Accordingly, the motions for a protective order will be denied. Dr. Guinn and Dr. Pass will be ordered to promptly respond to the Plaintiffs’ subpoenas. The parties should follow the procedures set forth in the court’s standing protective order for any document deemed to be confidential.

An order consistent with this memorandum opinion will be entered.

ORDER

AND NOW this 30th day of September, 1998, for the reasons stated in the accompanying memorandum opinion, IT IS HEREBY ORDERED that Vojtas’s Motions for Protective Order Relating to Psychotherapy *182Records (Doc. Nos. 32 and 47) are both DENIED.

. Vojtas states that the Plaintiffs have also subpoenaed records in the possession of P.S.P. Human Resource Development, Dr. Guinn’s records custodian and employer. Vojtas also objects to the production of these records.

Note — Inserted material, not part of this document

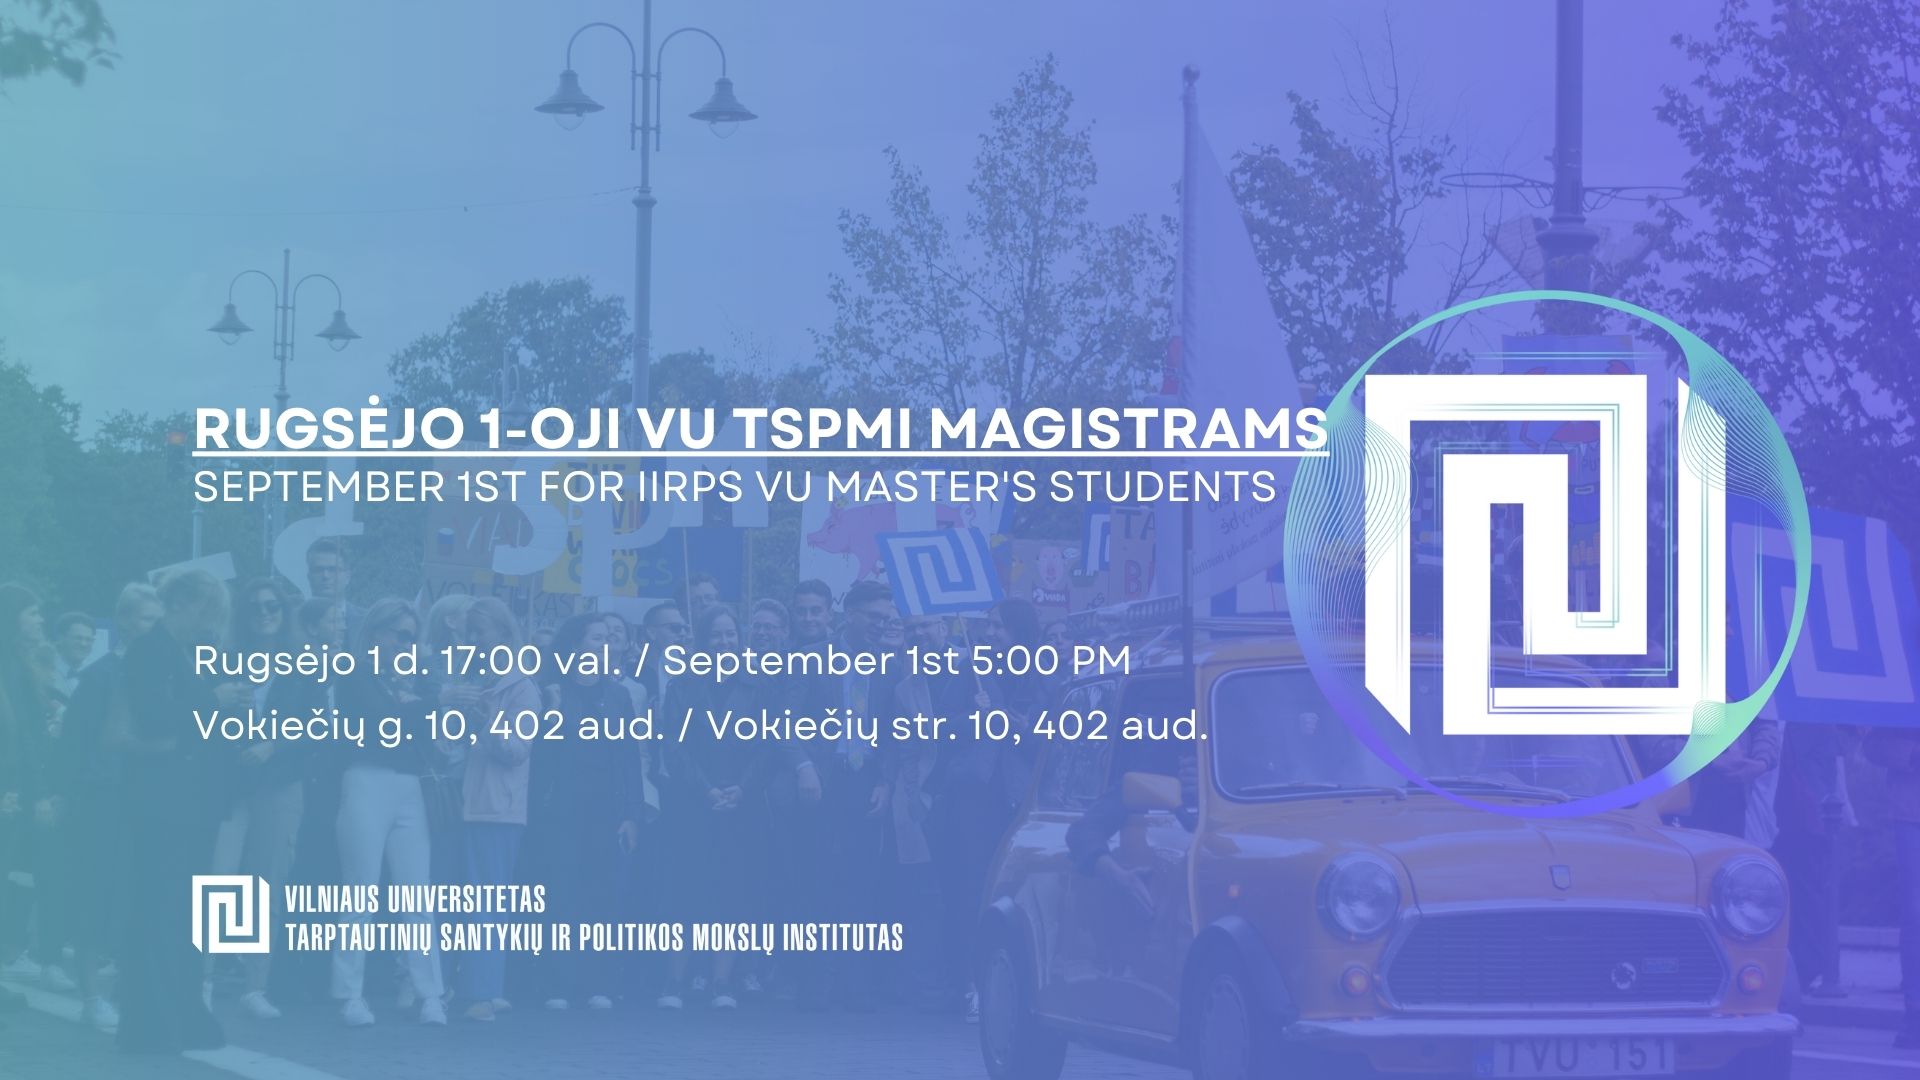 September 1st For IIRPS VU Master’s Students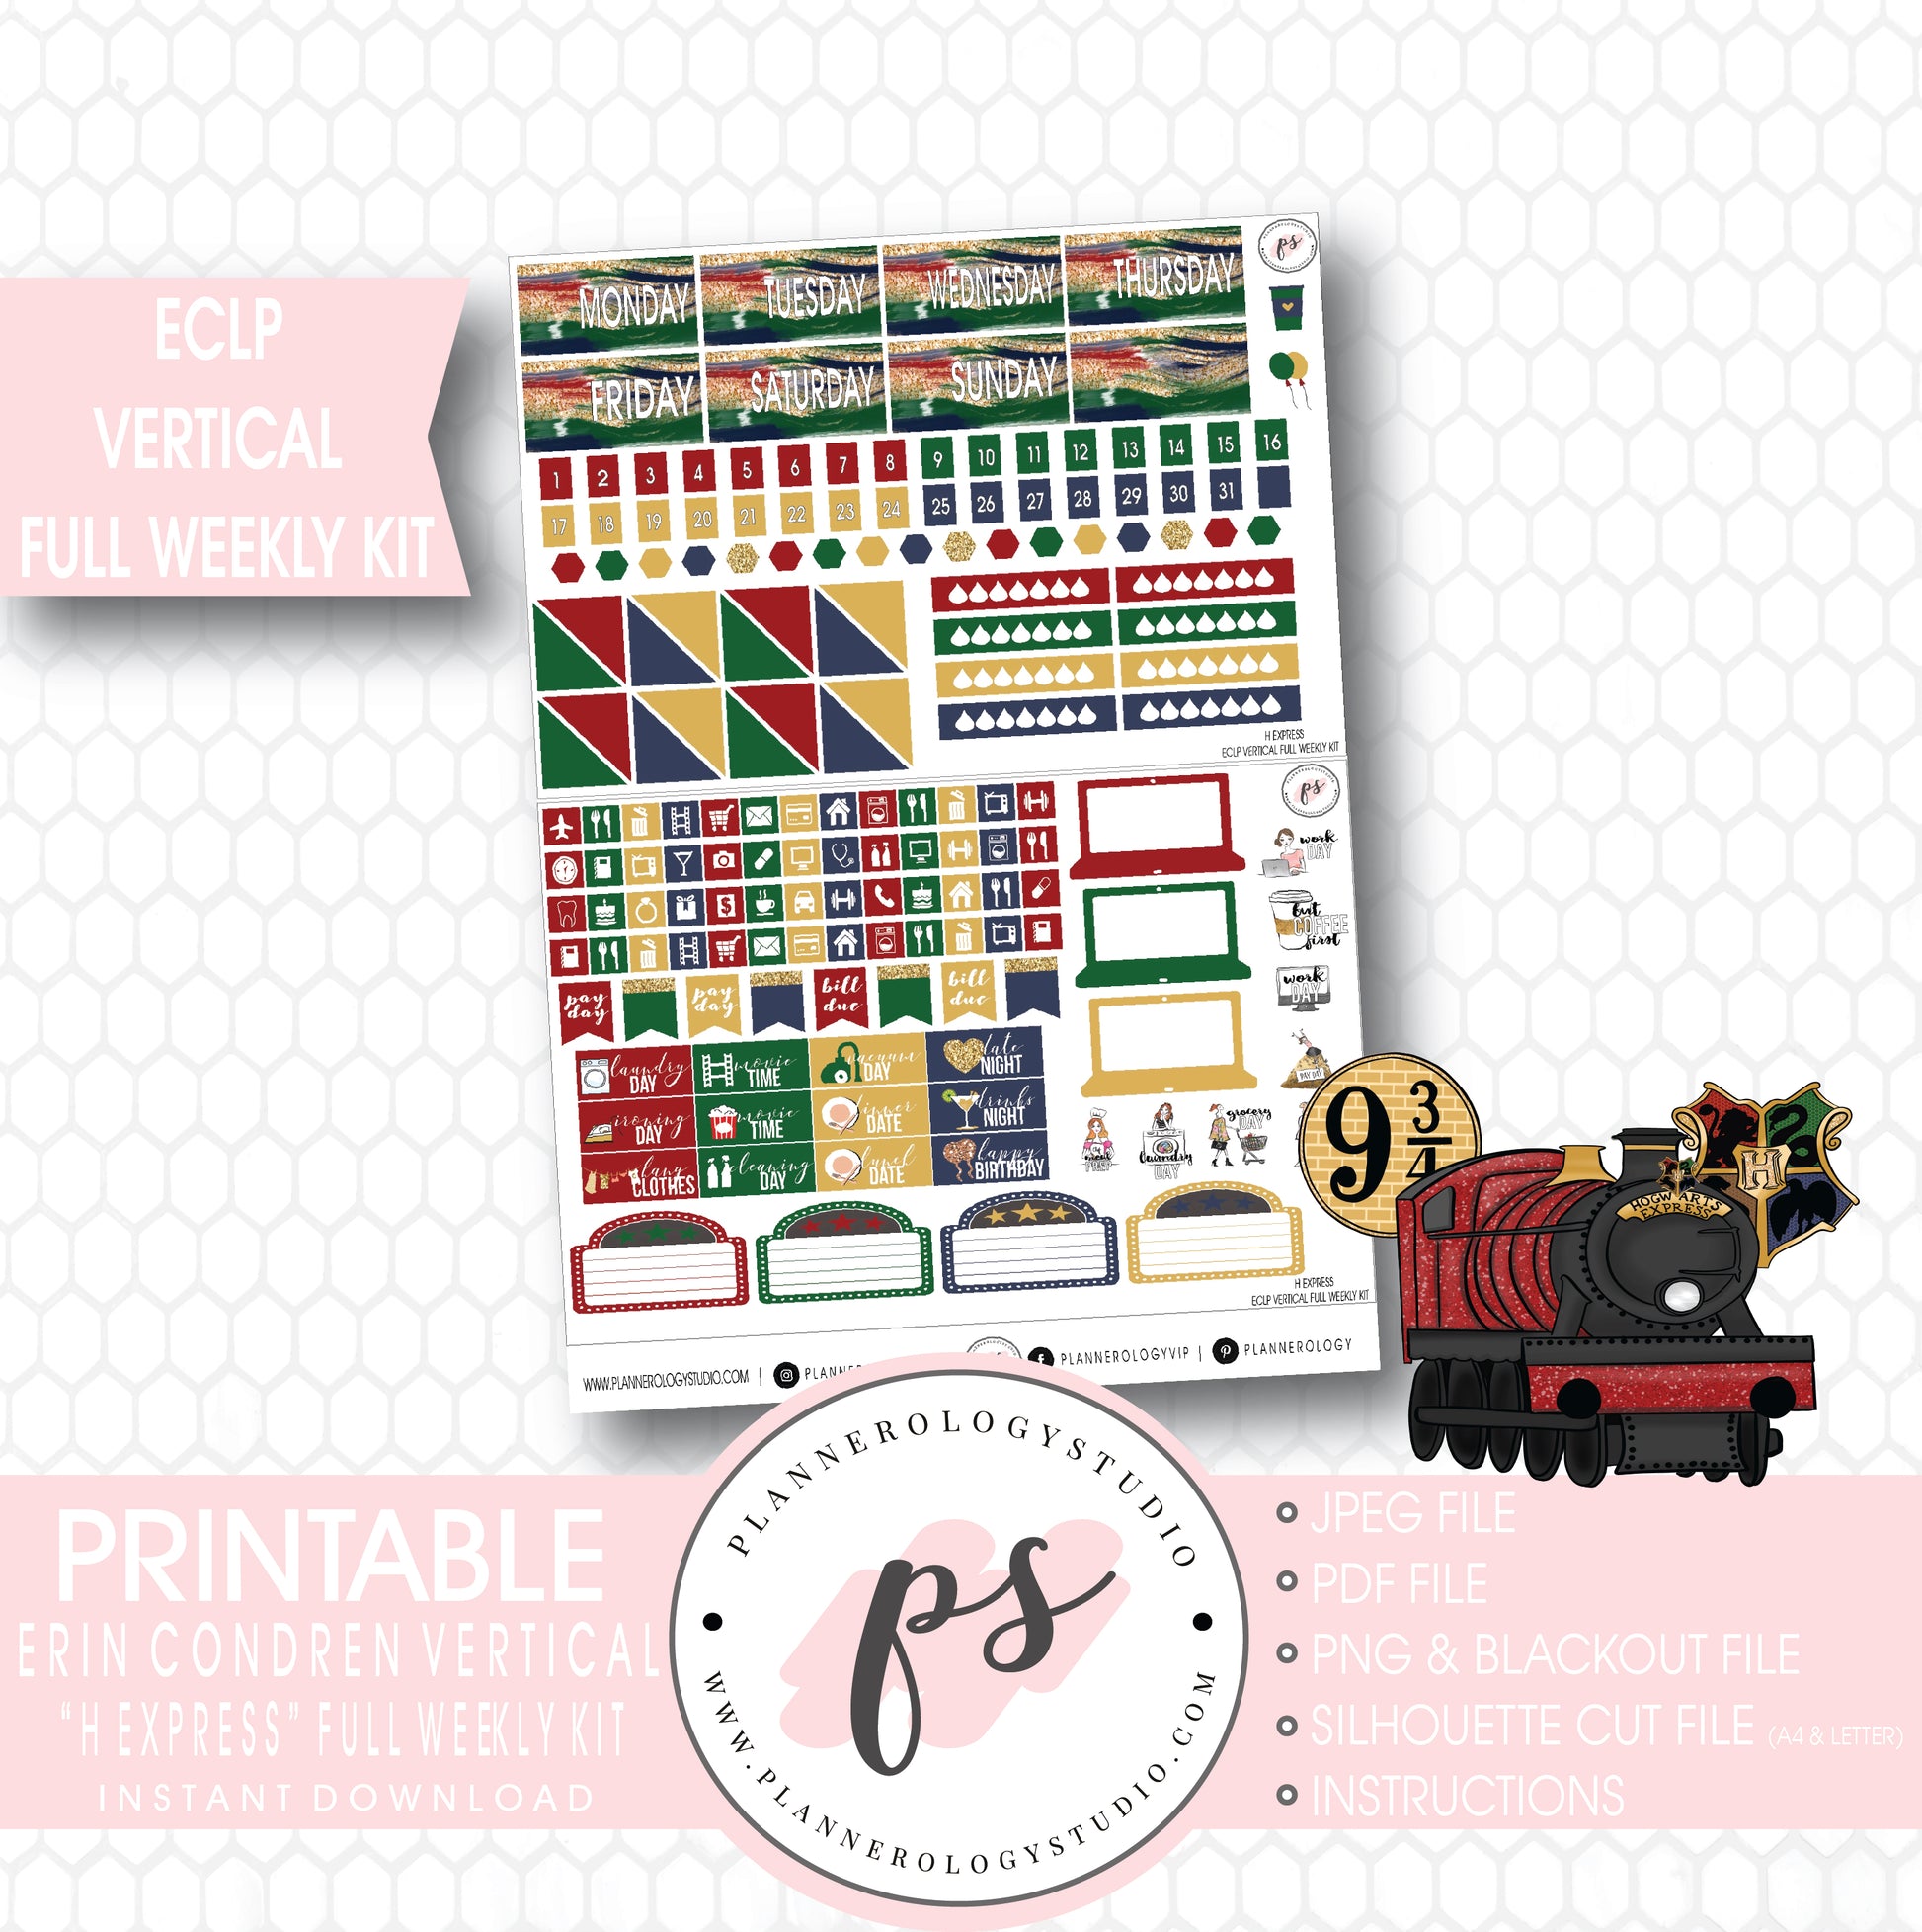 H Express (Harry Potter) Full Weekly Kit Printable Planner Stickers (for use with ECLP Vertical) - Plannerologystudio

. The Court quotes the lower court as stating that the defendant police officer "and all those placed in her most unfortunate circumstances, are entitled to be protected in their desire to seek counseling after mortally wounding another human being in the line of duty.” Jaffee, 518 U.S. 1, 116 S.Ct. at 1927 n. 5 (emphasis added).

. We note that in Jaffee the Supreme Court considered the individual states' recognition of a psychotherapist-patient privilege in its analysis. The Court stated the following:

We have previously observed that the policy decisions of the States bear on the question whether federal courts should recognize a new privilege or amend the coverage of an existing one. Because state legislatures are fully aware of the need to protect the integrity of the factfinding functions of their courts, the existence of a consensus among the States indicates that "reason and experience" support the recognition of the privilege. In addition, given the importance of the patient's understanding that her communications with her therapists will not be publicly disclosed, any State's promise of confidentiality would have little value if the patient were aware that the privilege would not be honored in federal court. Denial of the federal privilege therefore would frustrate the purposes of the state legislation that was enacted to foster these confidential communications.

Jaffee, 518 U.S. 1, 116 S.Ct. at 1929-30.